Flyer

Archives of Medicine

  • ISSN: 1989-5216
  • Journal h-index: 11
  • Journal CiteScore: 2.12
  • Journal Impact Factor: 1.0
  • Average acceptance to publication time (5-7 days)
  • Average article processing time (30-45 days) Less than 5 volumes 30 days
    8 - 9 volumes 40 days
    10 and more volumes 45 days
20+ Million Readerbase
Indexed In
  • Genamics JournalSeek
  • China National Knowledge Infrastructure (CNKI)
  • Directory of Research Journal Indexing (DRJI)
  • OCLC- WorldCat
  • Proquest Summons
  • Publons
  • Geneva Foundation for Medical Education and Research
  • Euro Pub
  • Google Scholar
  • Secret Search Engine Labs
Share This Page

Perspective - (2022) Volume 14, Issue 12

Developing human renal epithelial cells for transplant in regenerative medicine

Rebecca Motta*
 
Department of Nephrology, Leiden University Medical Centre, Leiden, The Netherlands
 
*Correspondence: Rebecca Motta, Department of Nephrology, Leiden University Medical Centre, Leiden, The Netherlands, Email:

Received: 01-Dec-2022, Manuscript No. ipaom-22-13363; Editor assigned: 03-Dec-2022, Pre QC No. P-13363; Reviewed: 15-Dec-2022, QC No. Q-13363; Revised: 20-Dec-2022, Manuscript No. R-13363; Published: 27-Dec-2022

Introduction

By supplying a local source of trophic factors that encourage regeneration or by replacing damaged cells, cellular transplantation may be used to treat a number of human diseases. As a model cell, we used cadaveric donorisolated human renal epithelial cells (hRECs). We looked at a novel encapsulation method for immunoisolating hRECs and lentiviral transduction of the Green Fluorescent Protein (GFP) as a model gene for genetically engineering hRECs to secrete the desired trophic factors in order to use hRECs effectively in the treatment of kidney diseases. In particular, we investigated the possibility of preserving cell viability and trophic factor secretion by encapsulating hRECs using conformal coating or GFP transduction. In order to accomplish this, we optimized hREC culture conditions and demonstrated that aggregation in threedimensional spheroids significantly preserved cell viability, proliferation, and secretion of trophic factors. Through our fluid dynamic platform, we also demonstrated that both GFP-engineered and wild-type hRECs could be effectively encapsulated within conformal hydrogel coatings, enhancing cell viability and trophic factor secretion. The transplantation of genetically engineered human primary cells for the treatment of kidney-related and possibly other tissue-related diseases could be based on our findings in future therapies [1].

Description

Several human diseases could be treated with cellular transplantation. Acute kidney injury and chronic kidney disease are two of the most common conditions, and their high cardiovascular morbidity and mortality are linked to rising healthcare costs. There is a pressing need for strategies that can either slow the progression of chronic kidney disease or speed up the recovery process from acute kidney injury.
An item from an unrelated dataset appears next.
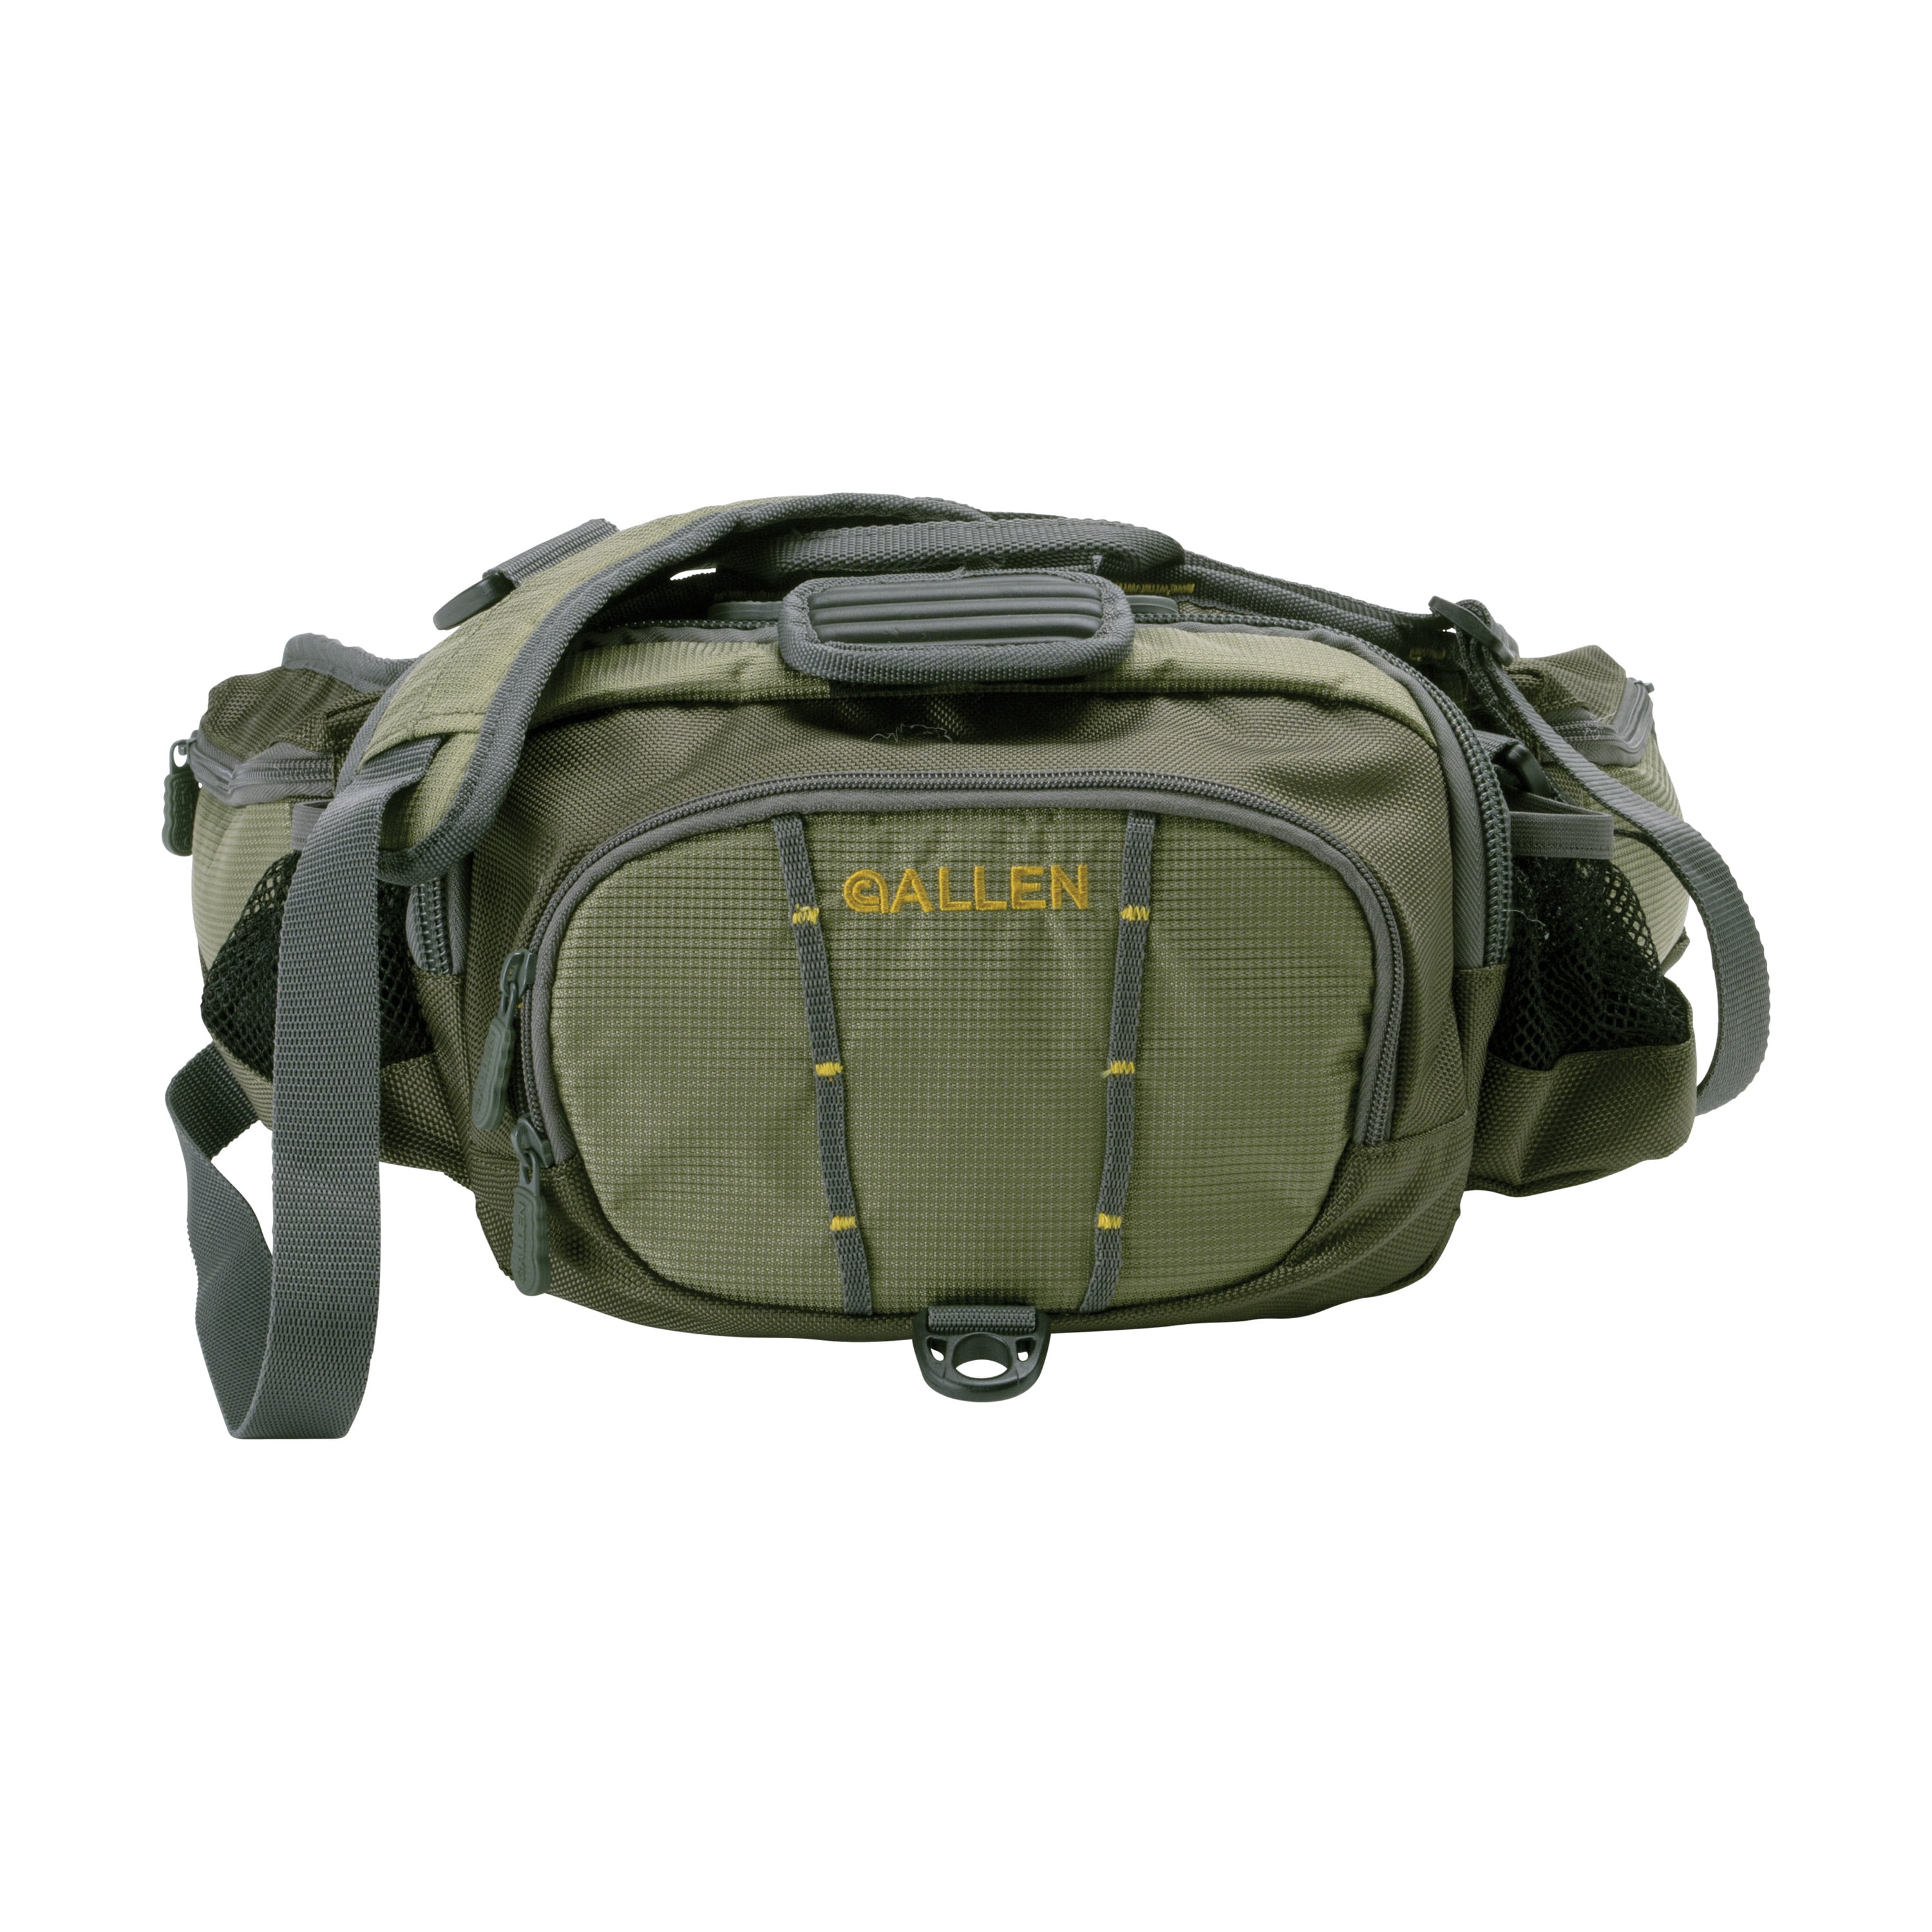 Allen Company Eagle River Lumbar Fly Fishing Pack, Olive Green

The use of various therapeutic methods is being investigated. These include transplanting cells that are derived from damaged or dysfunctional tissues, either by themselves or as helper cells. The latter may aid in tissue regeneration through the recruitment of cells with regenerative potential or the local secretion of cytoprotective factors. The microenvironment's influence on phenotypic changes and plasticity determine the fate of implanted cells. When compared to standard two-dimensional culture, the majority of cells have been shown to be better preserved in three-dimensional (3D) scaffolds [2].

The immune system of the host does not reject autologous cells, so they may integrate into the remodeling tissue. Sadly, recovering healthy cells from damaged tissue may be limited by not being able to achieve a satisfactory yield. Another option for treatment is autologous somatic cells, also known as skin cells, that have been "reprogrammed" in vitro. However, these cells require expansion, which presents a significant obstacle. In addition, in the event of acute organ failure, prompt use may not be possible. In addition, gene therapy is required before using autologous cells if the cause of organ dysfunction is genetic. Because they can be cultured and stored to be readily available for the treatment of acute medical conditions, allogeneic cells may also be a viable option for regenerative and tissue repair therapies. Allogeneic cells' vulnerability to immune rejection after implantation is their primary drawback. Their use necessitates the simultaneous administration of immunosuppressive medications with undesirable side effects. Immunosuppression may also disrupt cell replication and function, potentially altering the implanted cells' regenerative properties [3].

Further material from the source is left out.